Supply Flashcards
Name all the factors affecting market supply (x6)
- The price of the good or service itself
- The price of other goods or services
- The state of technology
- Changes in the cost of factors of production
- The quantity of the good available
- Climatic and seasonal influence
How does the price of the good or service itself affect market supply (x2)?
- The market price of the good or service will influence the producer’s ability and willingness to supply it
- The expectations of suppliers about the future price of a good or service influences the level of supply e.g. if the supplier believes the price will rise in the future, supply of the good or service will increase
How does the state of technology affect market supply?
Improvements in technology lower production costs and allow more firms to supply more goods at a given price
Describe the law of supply
As the price of a certain product rises, the quantity supplied by producers will rise
What is price elasticity of supply?
It measures the responsiveness of the quantity supplied of a product to changes in price
Describe different types of price elasticity (x3)
- If the rise in quantity supplied is proportionally greater than the increase in price, then the supply is very responsive to a price change - thus is elastic
- A less than proportionate change in quantity supplied would indicate supply is relatively inelastic
- If quantity supplied rises by the same proportion as the price increase, supply is unit elastic
Describe perfectly elastic supply
Where producers are willing to supply an infinite quantity or a good or service at one price but nothing at all at a price below this (highly unlikely)
Describe perfectly inelastic supply
Where producers are willing to supply a given quantity of a good or service regardless of price (theoretical)
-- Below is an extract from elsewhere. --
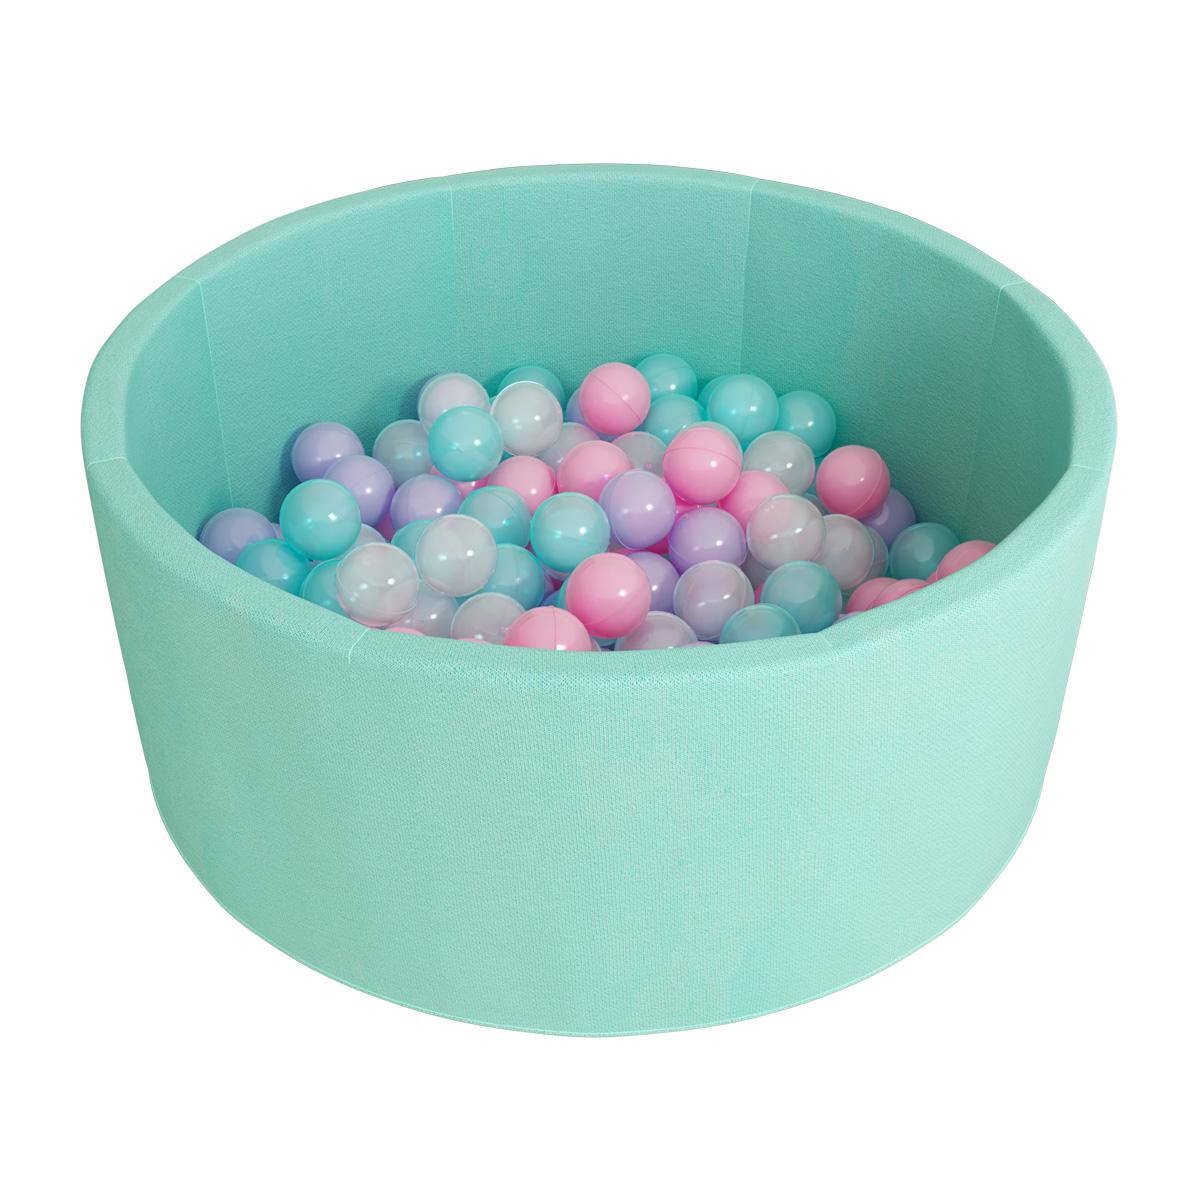 Купить Сухой бассейн Romana - Airpool ДМФ-МК-02.53.01, бирюзовый с розовыми шариками

Name the factors affecting elasticity of supply
- Time lags after a price change
- The ability to hold and store stock
- Excess capacity
How do time lags after a price change affect supply?
- The greater amount of time that producers have to respond to a price change, the more elastic the supply is for the product in question
- In the time immediately after the price change, the supply of most products would be virtually perfectly inelastic because producers can increase any of the inputs
How does the ability to hold stock affect elasticity of supply (x2)
- The ability to hold stock will affect the ease with which producers can respond to price changes
- The easier it is to hold stock, the more elastic the supply e.g. fruits and vegetables have relatively inelastic supply
How does excess capacity affect elasticity of supply? (x2)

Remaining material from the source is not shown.